ある晴れた日の昼下がり、私は近くの公園まで散歩に出かけました。そこには、2才くらいの女の子を遊ばせている母子の姿がありました。
私がベンチに腰をおろして青く澄んだ空に見とれていると、その子がおぼつかない足取りで近づいてきました。両手でなにか小さなものを、大事そうにはさんでいます。
「はい」といって、私の目の前にちっちゃな手を突き出しました。指のすきまから、土まみれになった青いガラス玉がキラリと現われました。
私がしゃがんで「わぁ、きれい。ありがとう」といって受けとると、その子はとても満足そうでした。「どうもすみません」という母親の声に、ニコニコして振り返り砂場に戻っていきました。

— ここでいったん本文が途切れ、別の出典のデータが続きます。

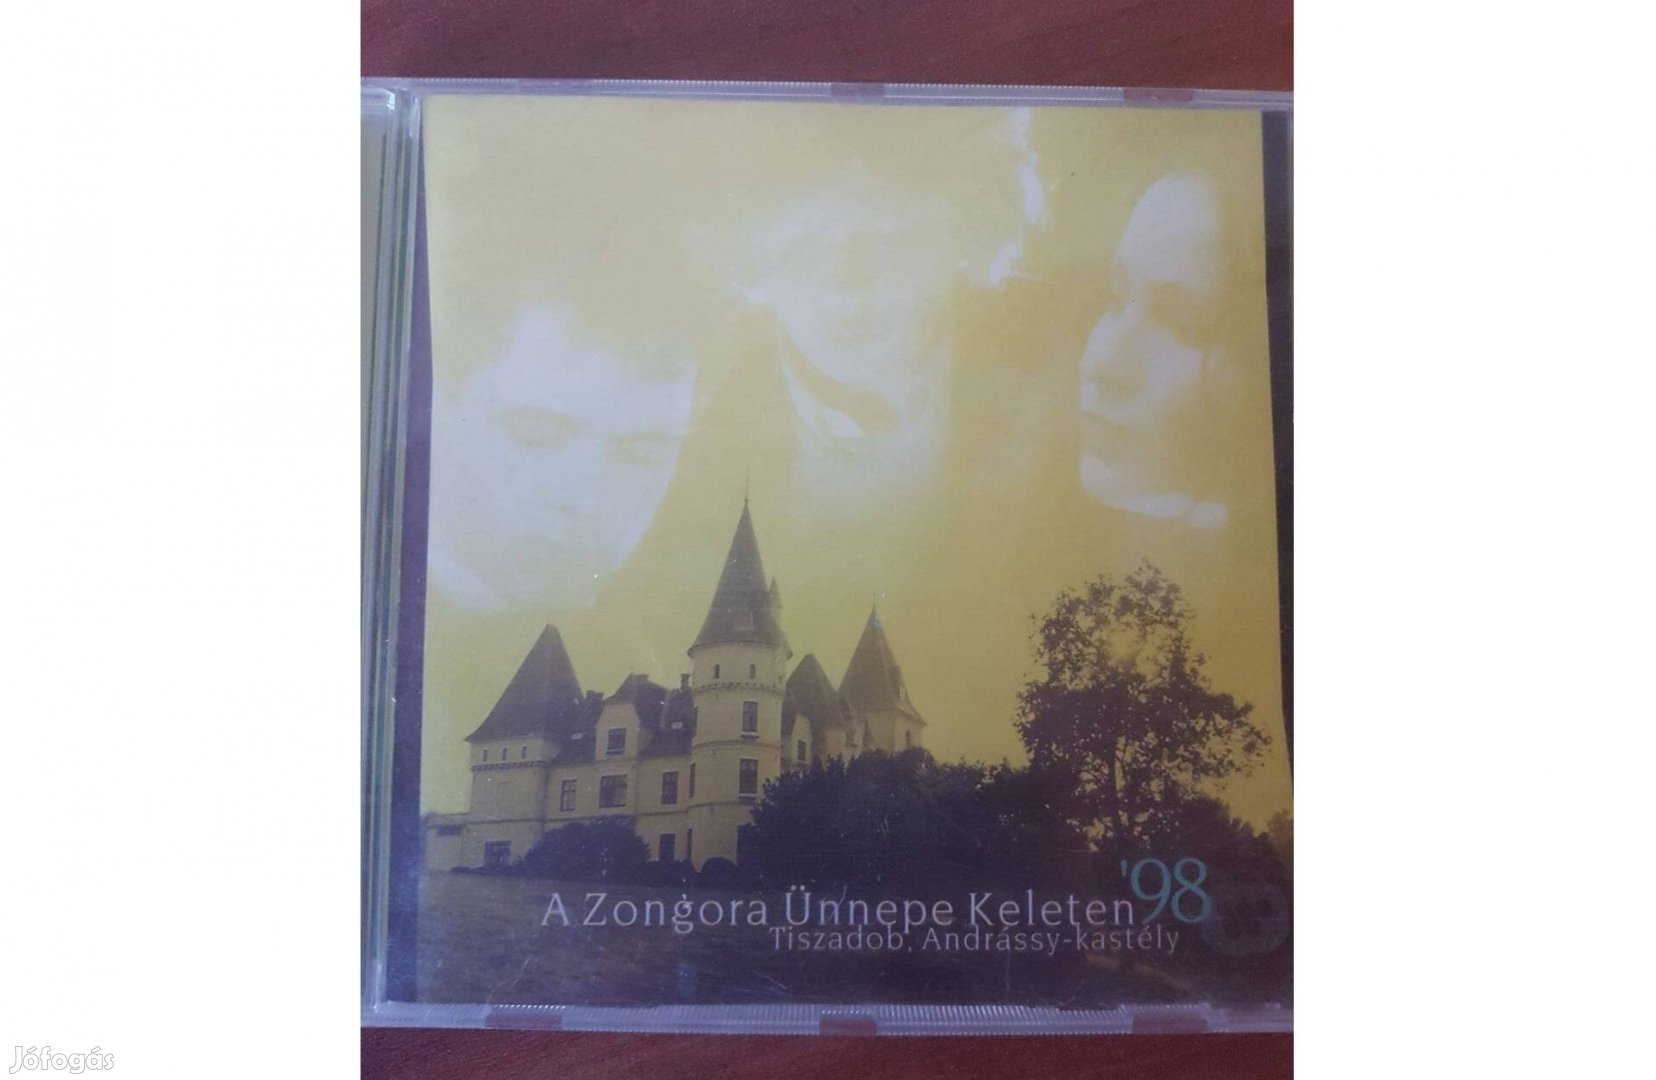 A Zongora Ünnepe Keleten '98 CD

なんのこだわりもためらいもない幼子の好意に、私はすっかり感動してしまいました。知らないうちに私の中にあった警戒心や緊張が一気にほどけて、なんだかとってもやさしい気持ちが体中にあふれました。
作為がなくて無防備で、ただ思いやりに満ちたものに触れると、私たちは安心して自分を開きます。反射的に、そうなるんですね。
逆にいうと、それだけ社会生活では、神経をとがらせ、しくじってはいけない、だまされてはいけない、自分はどう映っているんだろうと気を張って生きているんだと思います。
これは、孤独といわれる現代人にペットを飼う人々が増え、動物と触れ合うひとときに安らぎを見い出しているという現象にも反映されています。
なんの疑いもなく慕い、全身で愛情を表現するペットの姿に癒されたり、あるいは、ペットを思いやる自分自身にホッとしたりするのでしょう。
だれだって「やさしい自分」は好きだし、笑顔をふりまき愛を放って暮らしたいと願っています。でも、人間関係において、それがうまくいかないのはなぜでしょうか?
もし、あなたがそう感じているとしたら、それは無意識のうちに、相手が作為のない好意を差し出してくれるのを待っているせいかもしれません。
待っているうちに、いつしか引っ込み思案になり、しだいに疑い深くなって、その結果、相手に遠慮や警戒心を抱かせている…としたら、この辺で、その悪循環を断ち切りましょう。
先に、相手を安心させてあげる側に立つんです。あなたから見返りを期待しない好意″をさっさと渡す。それでどう思われようが気にしないと腹をくくります。ここは、思い切りのよさを発揮してください。
すると、自分の気は楽になるし、作為のない好意は相手からやさしい気持ちを引き出すので、以前よりも関係がよくなります。
あげっぱなしの好意にこそ、価値があるんですね。そうすれば、いつもやさしいあなたでいられますよ。